Personal information
- Full name: Marcus Picken
- Date of birth: 9 October 1979 (age 45)
- Original team(s): Macarthur, North Ballarat Rebels
- Draft: 58th, 1997 AFL draft
- Height: 186 cm (6 ft 1 in)
- Weight: 86 kg (190 lb)

Playing career^{1}
- Years: Club / Games (Goals)
- 1998–2001: Brisbane Lions / 25 (9)
- 2002–2003: Western Bulldogs / 0 (0)
- ^{1} Playing statistics correct to the end of 2003.

Career highlights
- AFLQ premiership player: 2001;

= Marcus Picken =

Australian rules footballer

Marcus Picken (born 9 October 1979) is a former Australian rules footballer who played with the Brisbane Lions in the Australian Football League (AFL).

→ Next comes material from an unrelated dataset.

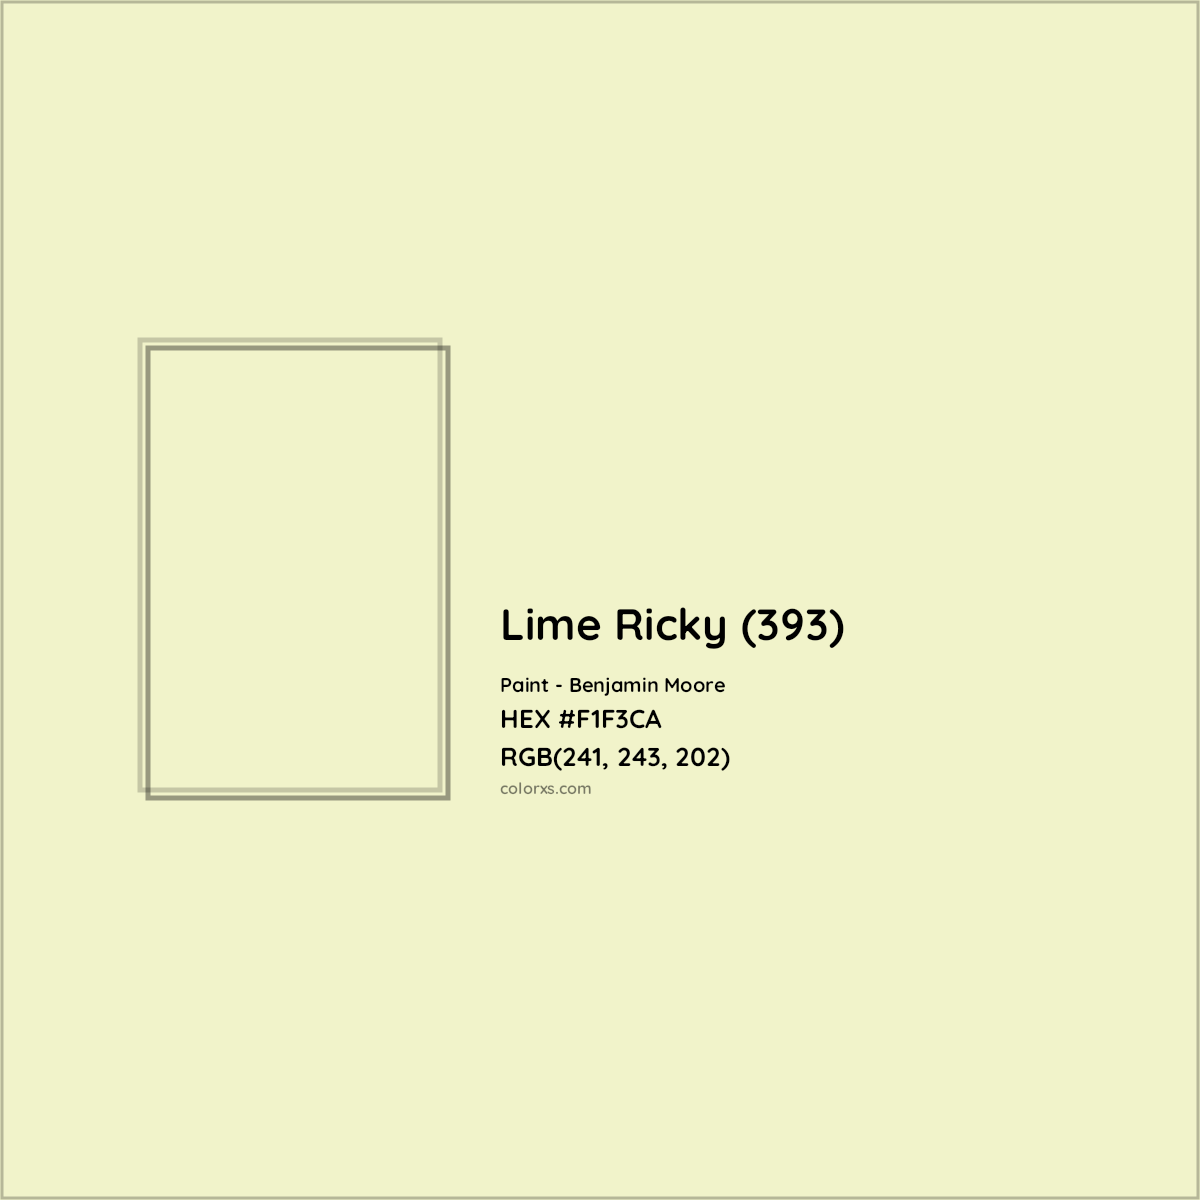 HEX #F1F3CA Lime Ricky (393) Paint Benjamin Moore - Color Code

Picken is the son of former Collingwood star Billy Picken, older brother of former Western Bulldogs player Liam Picken, and cousin of former teammate and Brisbane Lions captain Jonathan Brown.

Recruited from the North Ballarat Rebels, he made his debut in 1998 after being selected by Brisbane in the 1997 AFL draft but was unable to make an impact in his limited opportunities. Picken played in eight of the first nine rounds of the 2001 AFL season before suffering a stress fracture in his foot which cost him a chance at an AFL premiership. However, he still played for Brisbane's reserves team in the winning 2001 AFLQ State League Grand Final.

Picken was traded in the 2001 draft, together with Shannon Rusca, to the Western Bulldogs in return for draft pick 49. He played some Wizard Cup games but despite being an emergency on one occasion was never able to make it into the seniors during the AFL season. However, his brother Liam would later play for the club.